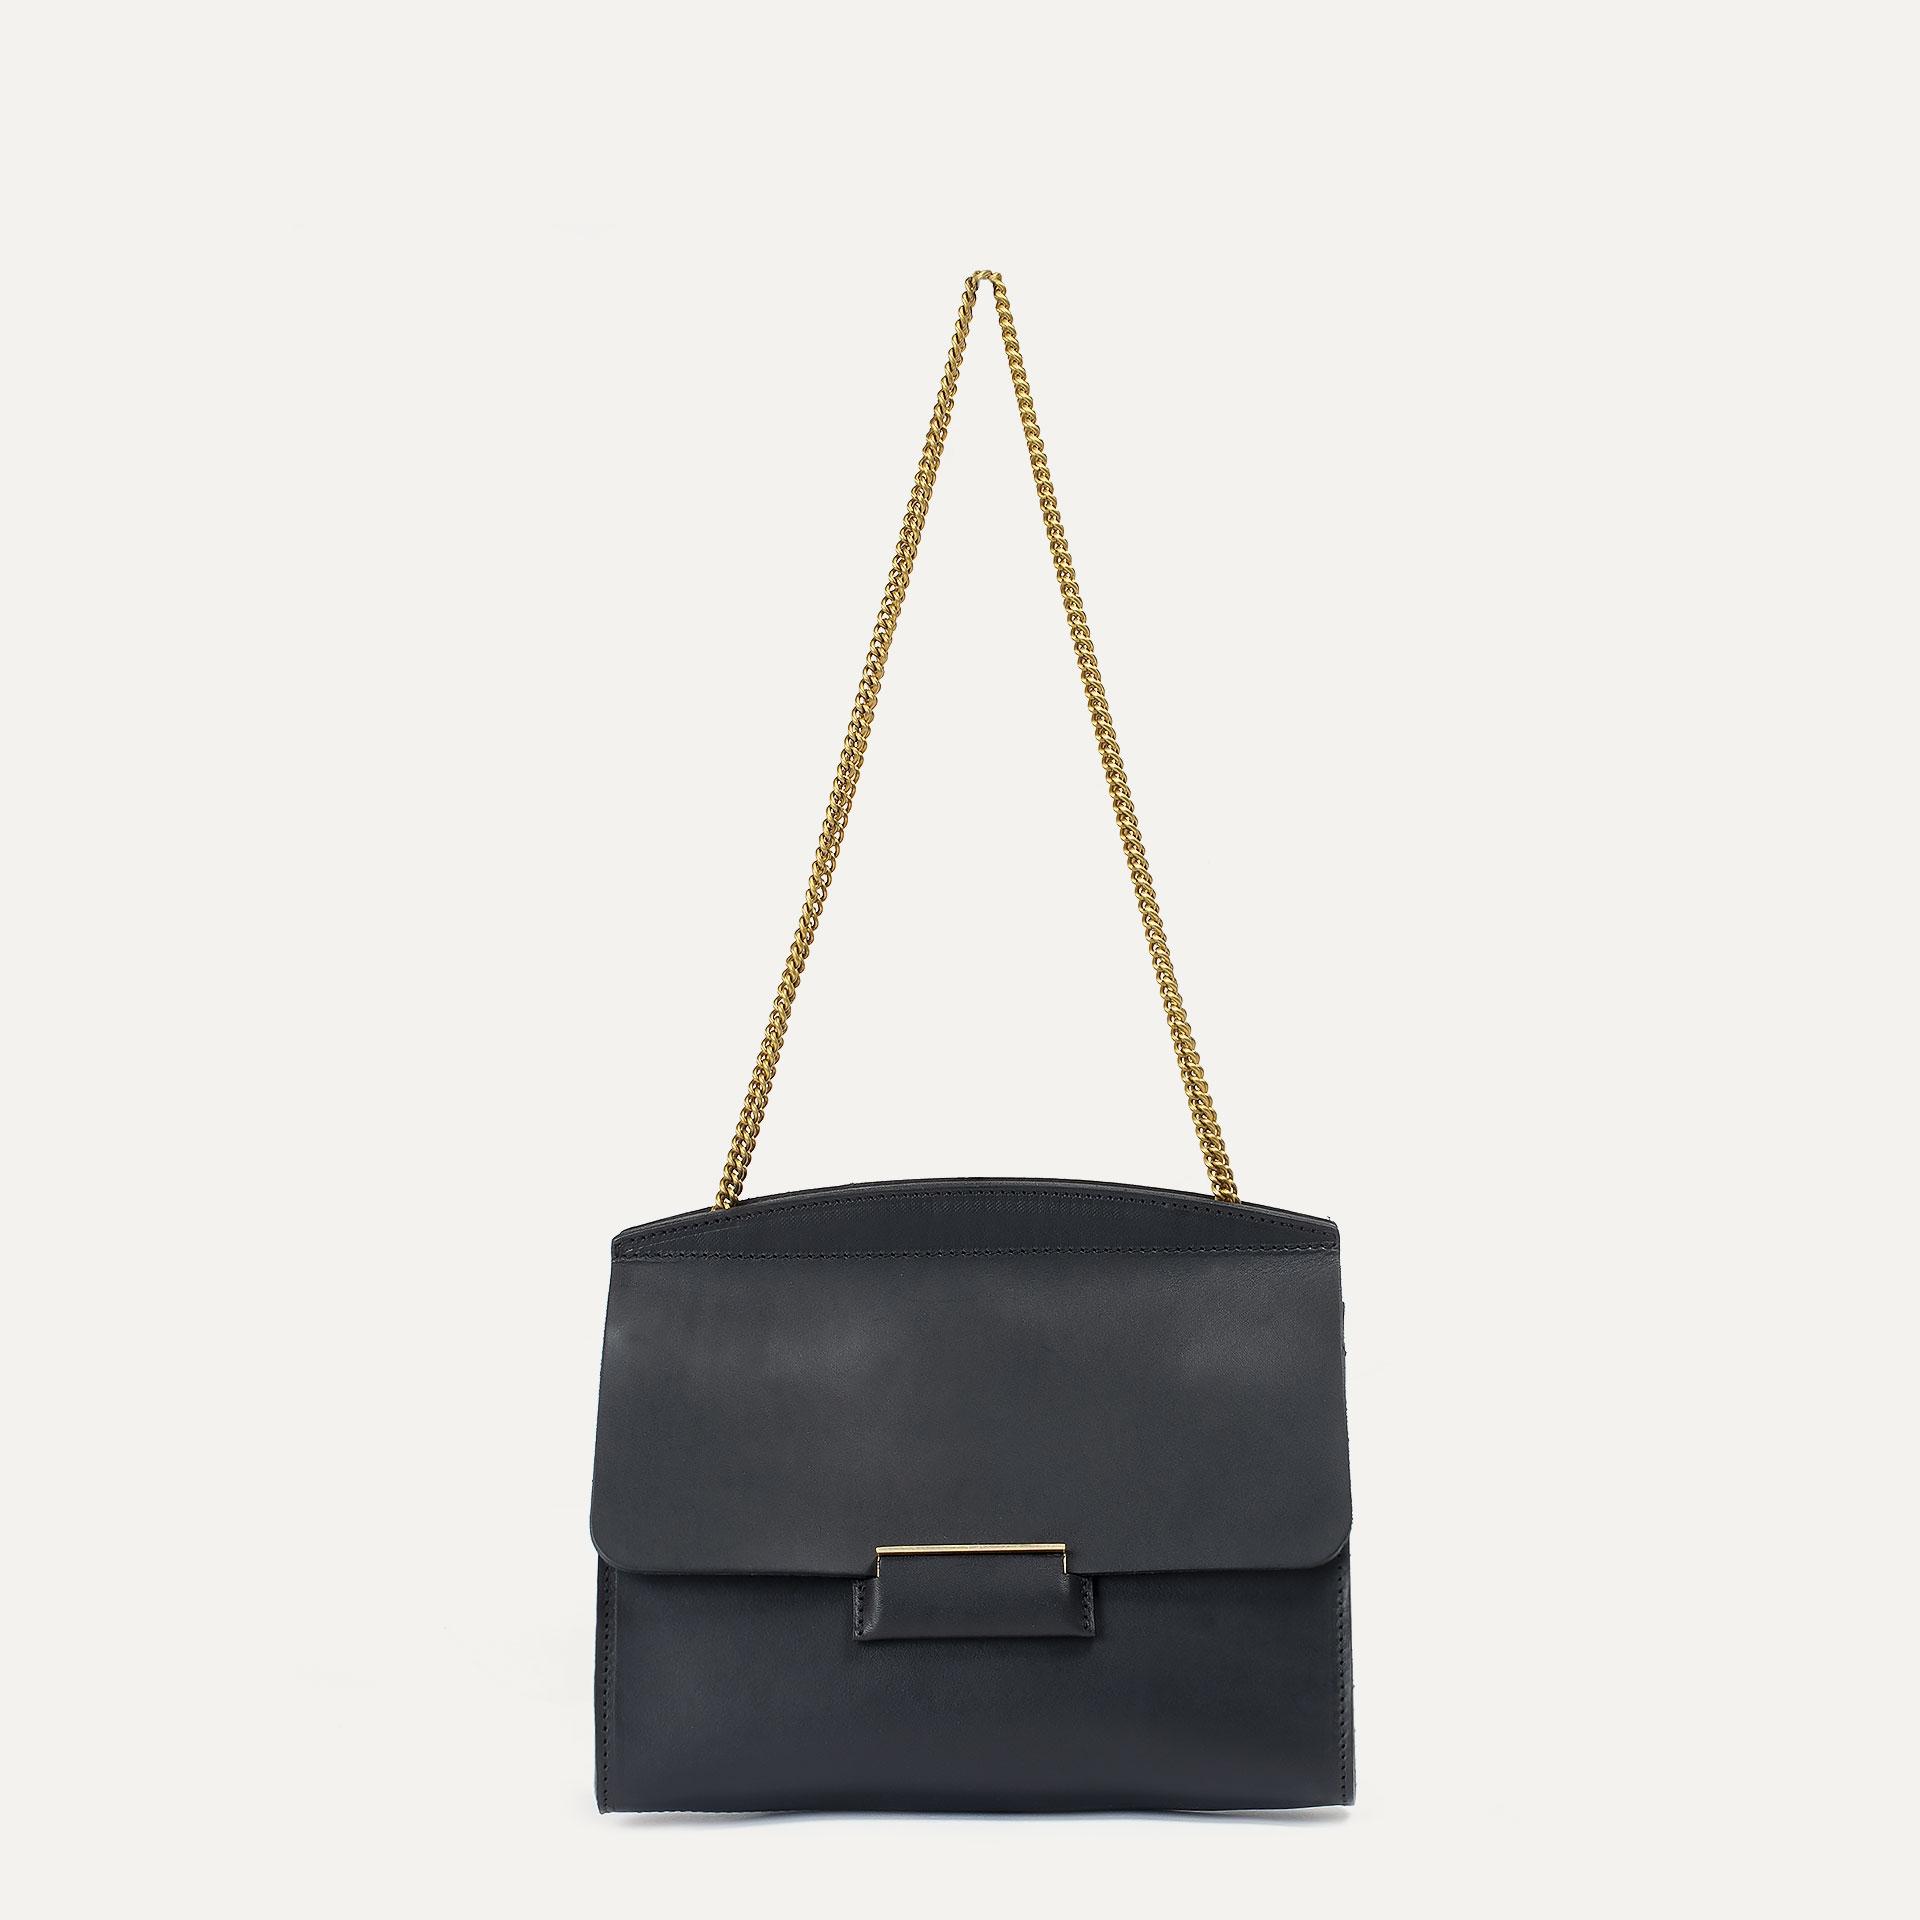 Origami S clutch bag - Black (image n°1)
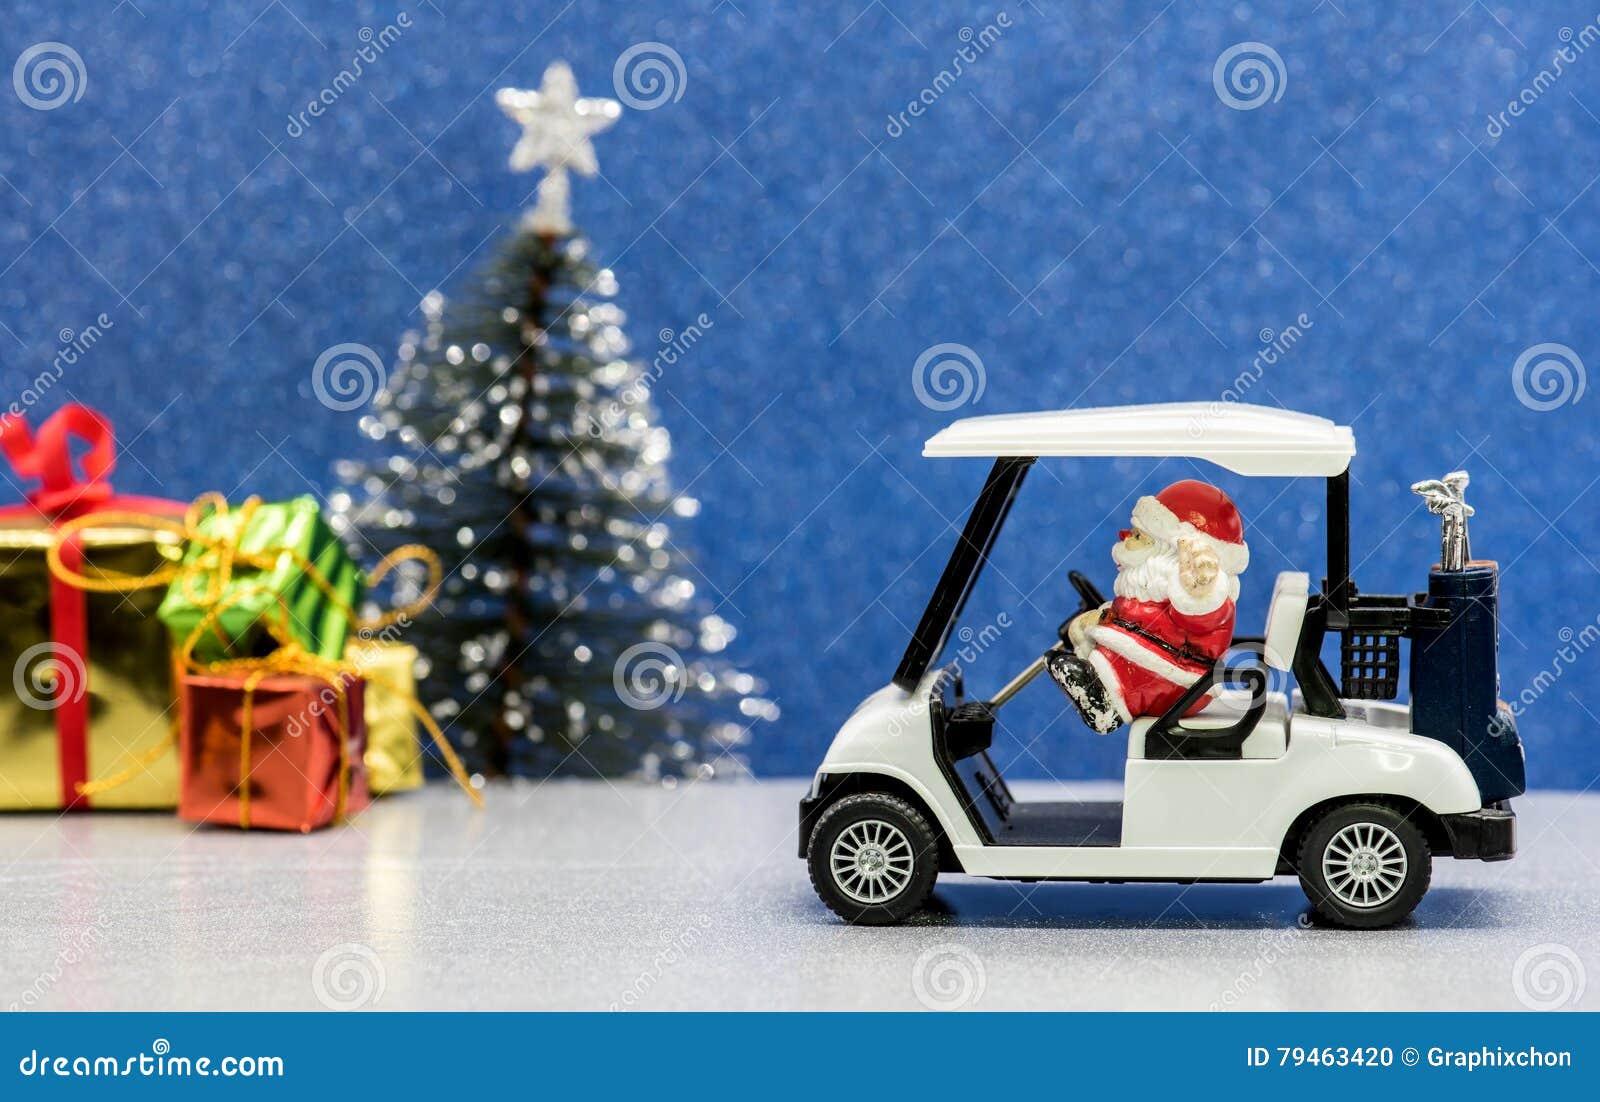 Golf Cart Christmas Decorations.Santa Driving Golf Car Christmas Party Stock Photo Image
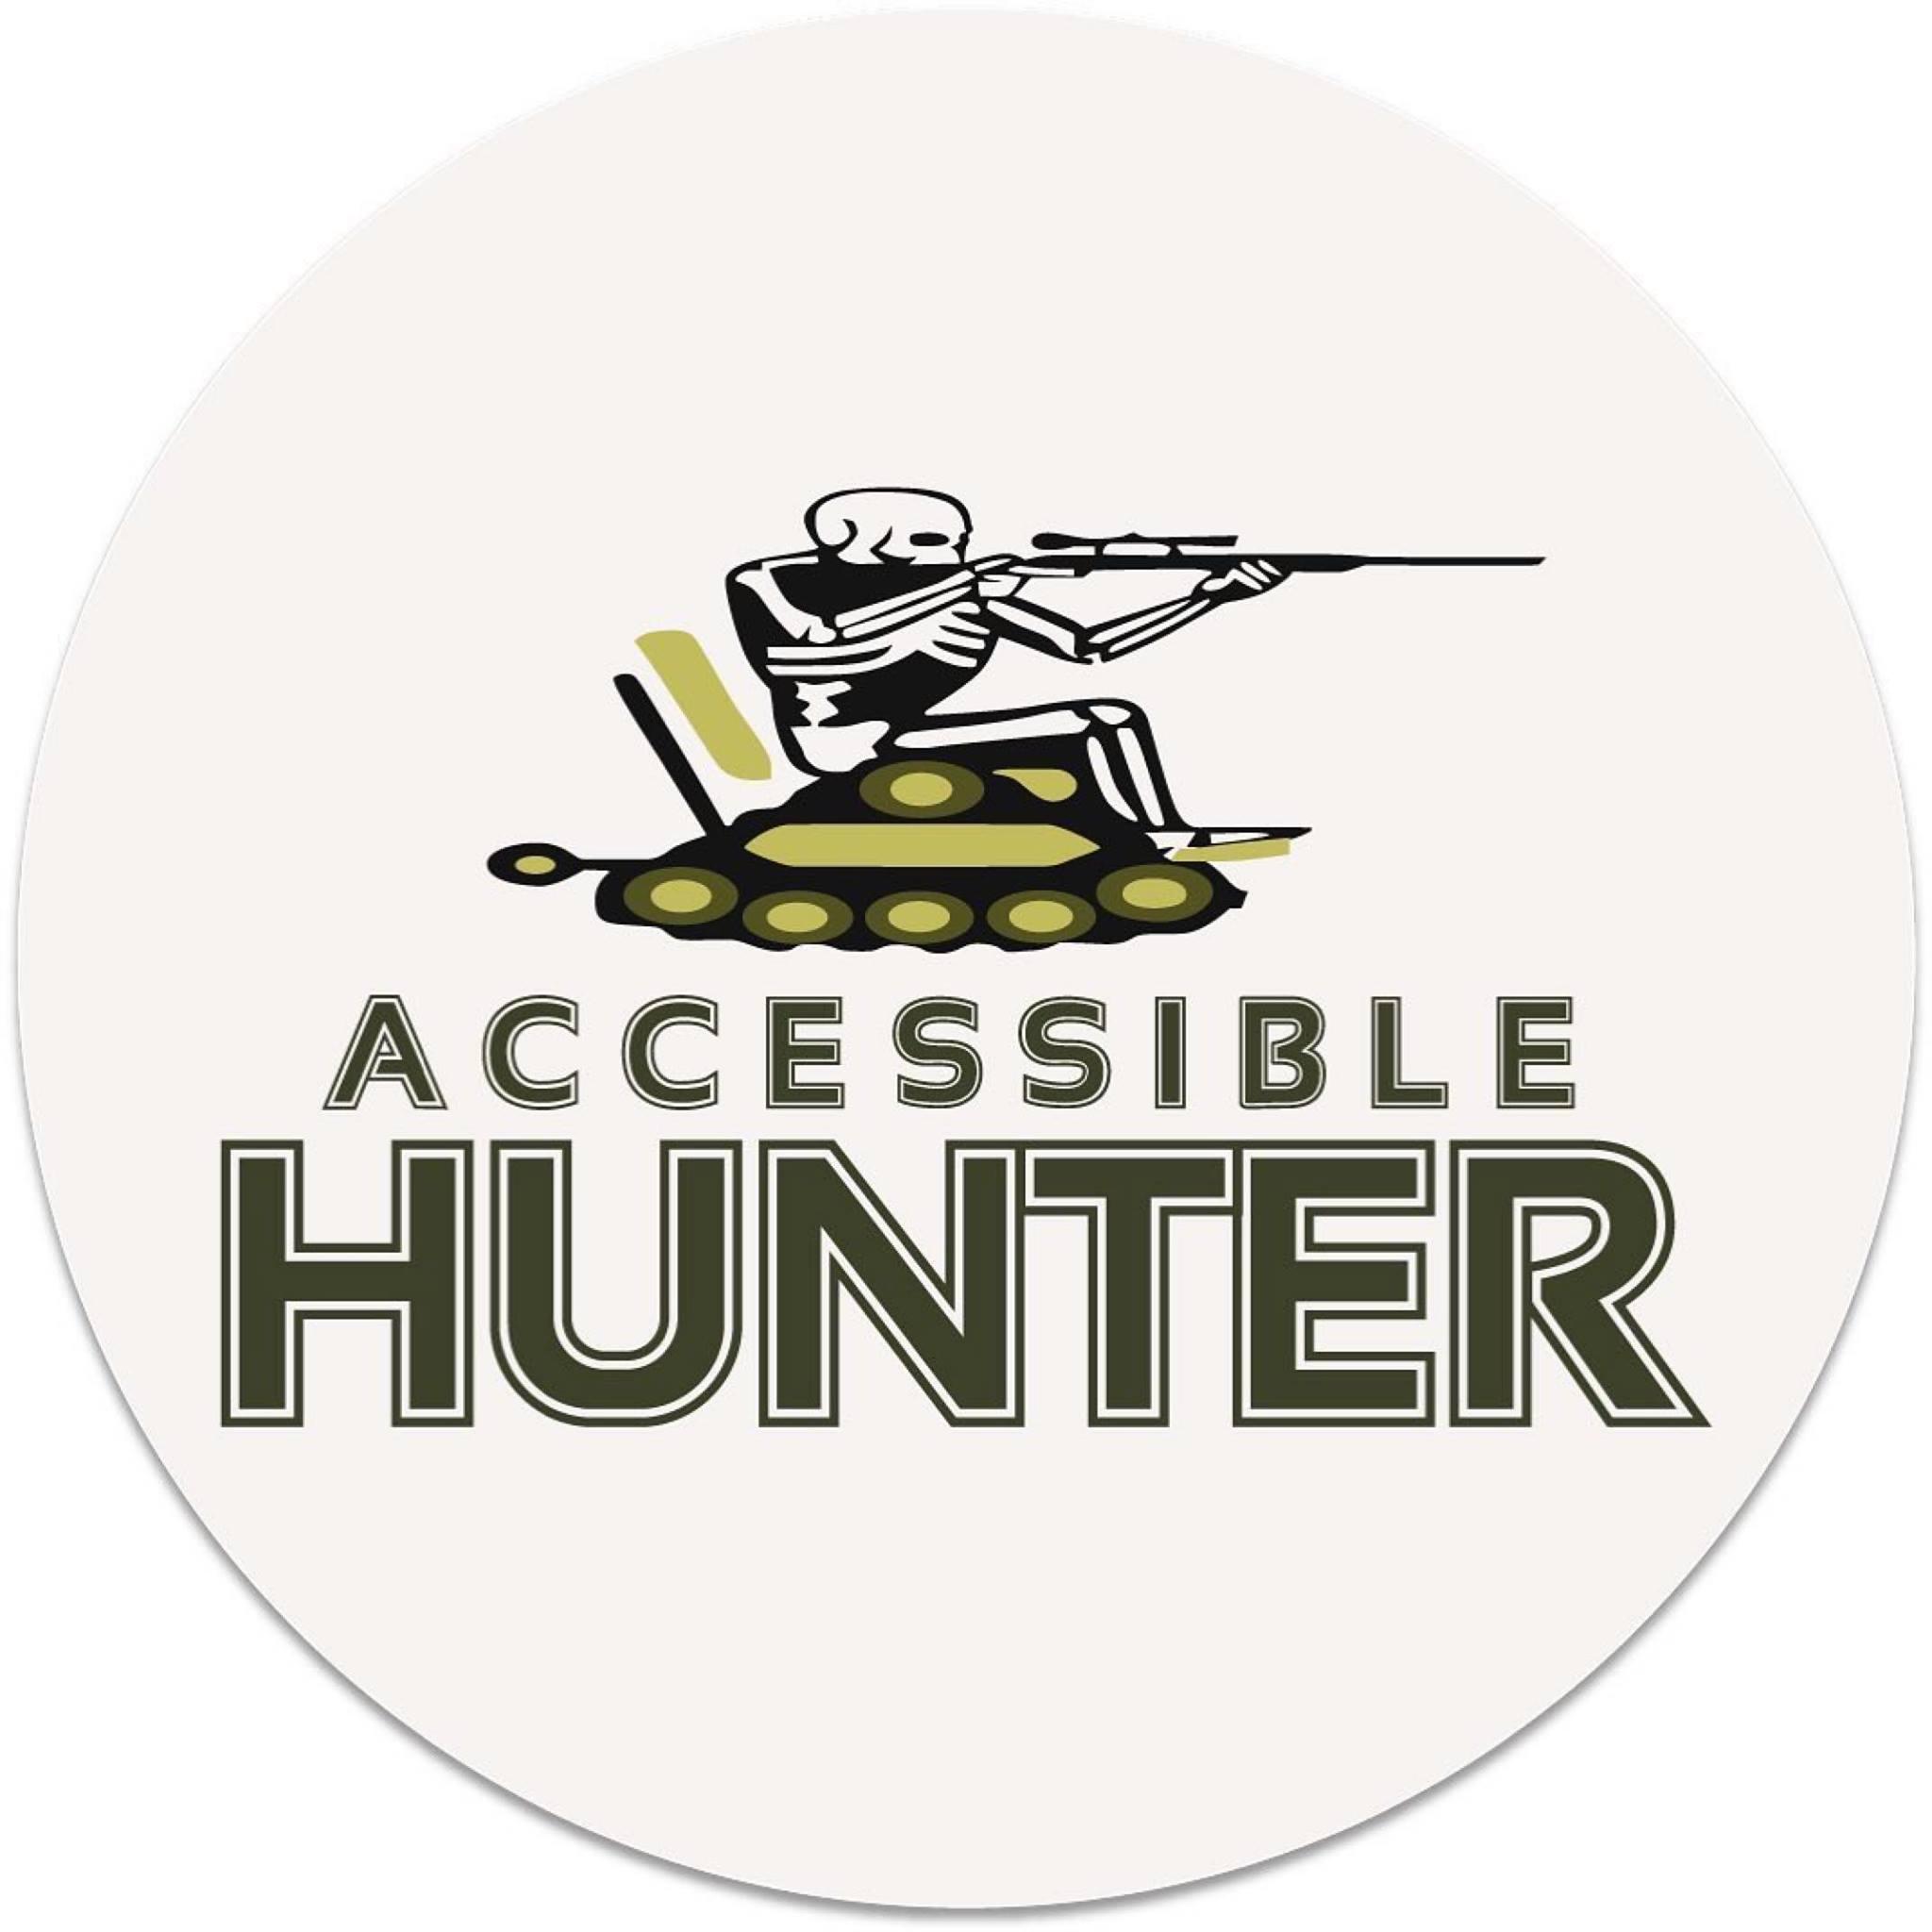 https://wildjaeger.com/wp-content/uploads/2021/03/Accessible-Hunter-05.jpg

::::::::

Task item: Every picture stays out; reproduce exactly the lines from the one with "Golf Cart Christmas" through the last line of the data above.

Result for this task:
 Golf Cart Christmas Decorations.Santa Driving Golf Car Christmas Party Stock Photo Image
 https://wildjaeger.com/wp-content/uploads/2021/03/Accessible-Hunter-05.jpg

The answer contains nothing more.